#### Listed entries ####
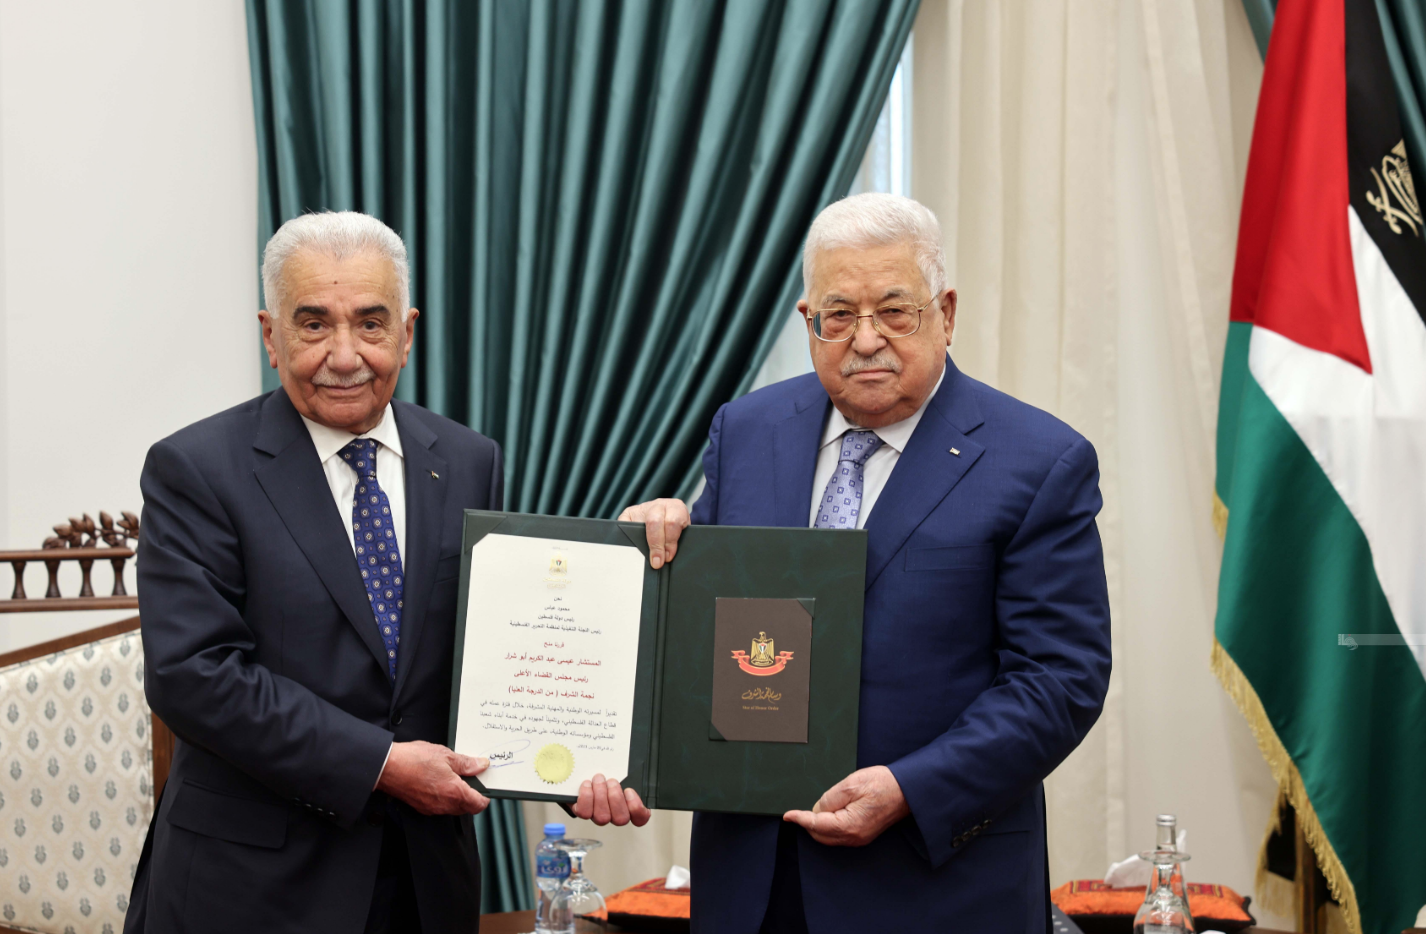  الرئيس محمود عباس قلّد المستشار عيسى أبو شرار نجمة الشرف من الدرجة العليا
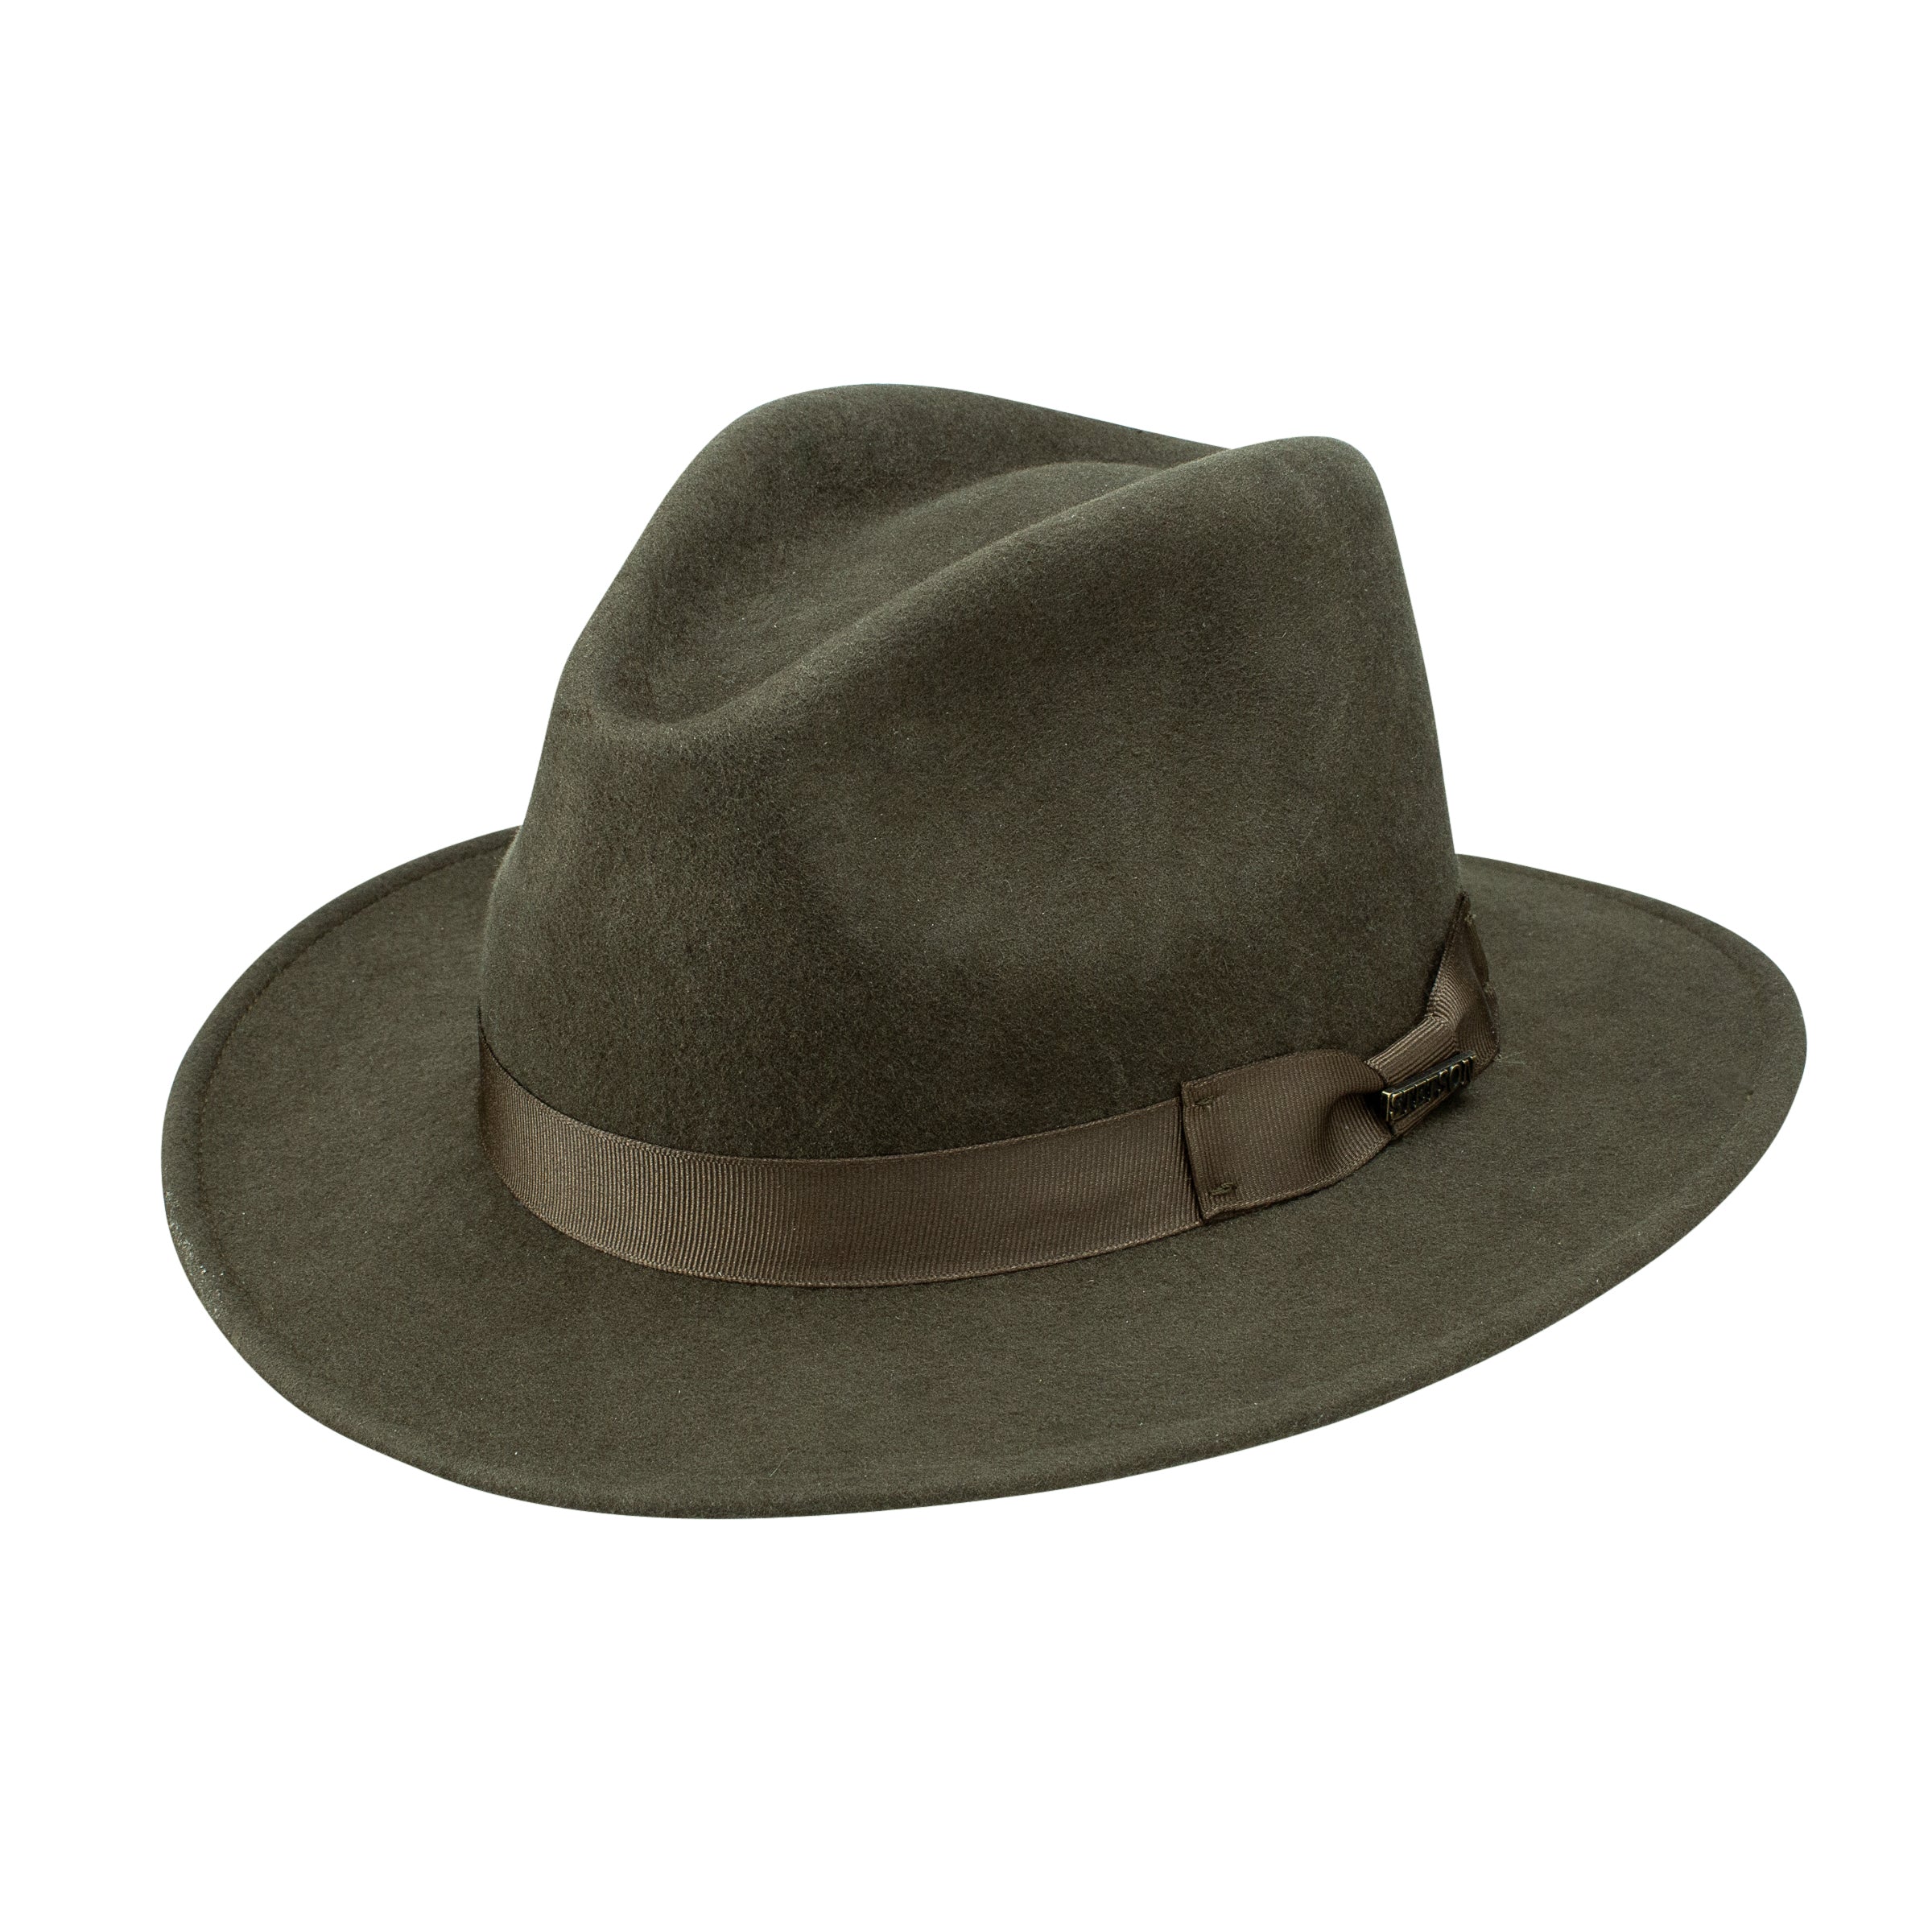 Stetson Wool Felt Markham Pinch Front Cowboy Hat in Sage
####
#### Listed entries ####
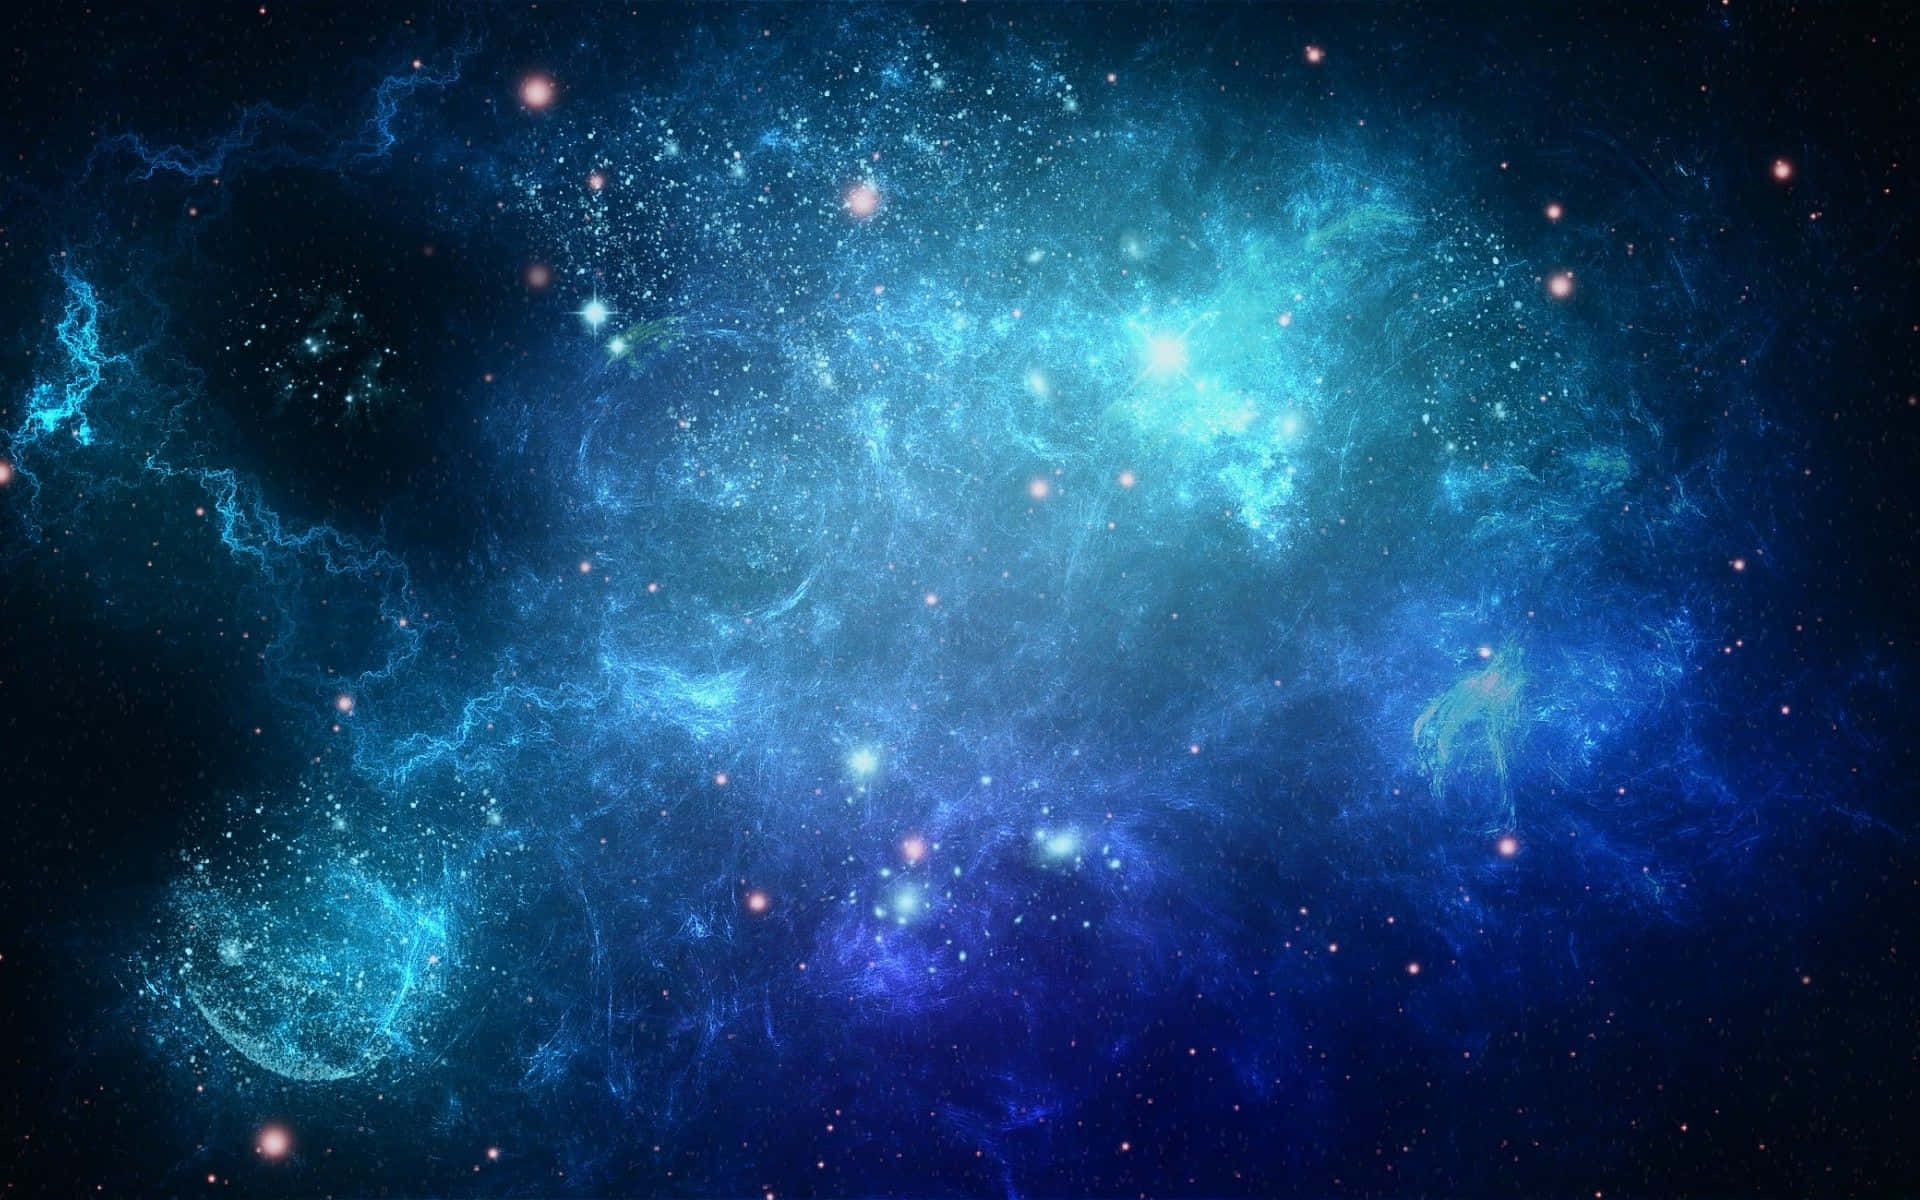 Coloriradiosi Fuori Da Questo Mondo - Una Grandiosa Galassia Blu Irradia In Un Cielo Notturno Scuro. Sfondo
####
▸ **What you should do**: Start with the line with "الرئيس محمود عباس" in the listing above and stop after the line with "Stetson Wool Felt". Write out exactly the lines in that stretch and no others, without pictures.

▸ **Answer section**:
  الرئيس محمود عباس قلّد المستشار عيسى أبو شرار نجمة الشرف من الدرجة العليا
 Stetson Wool Felt Markham Pinch Front Cowboy Hat in Sage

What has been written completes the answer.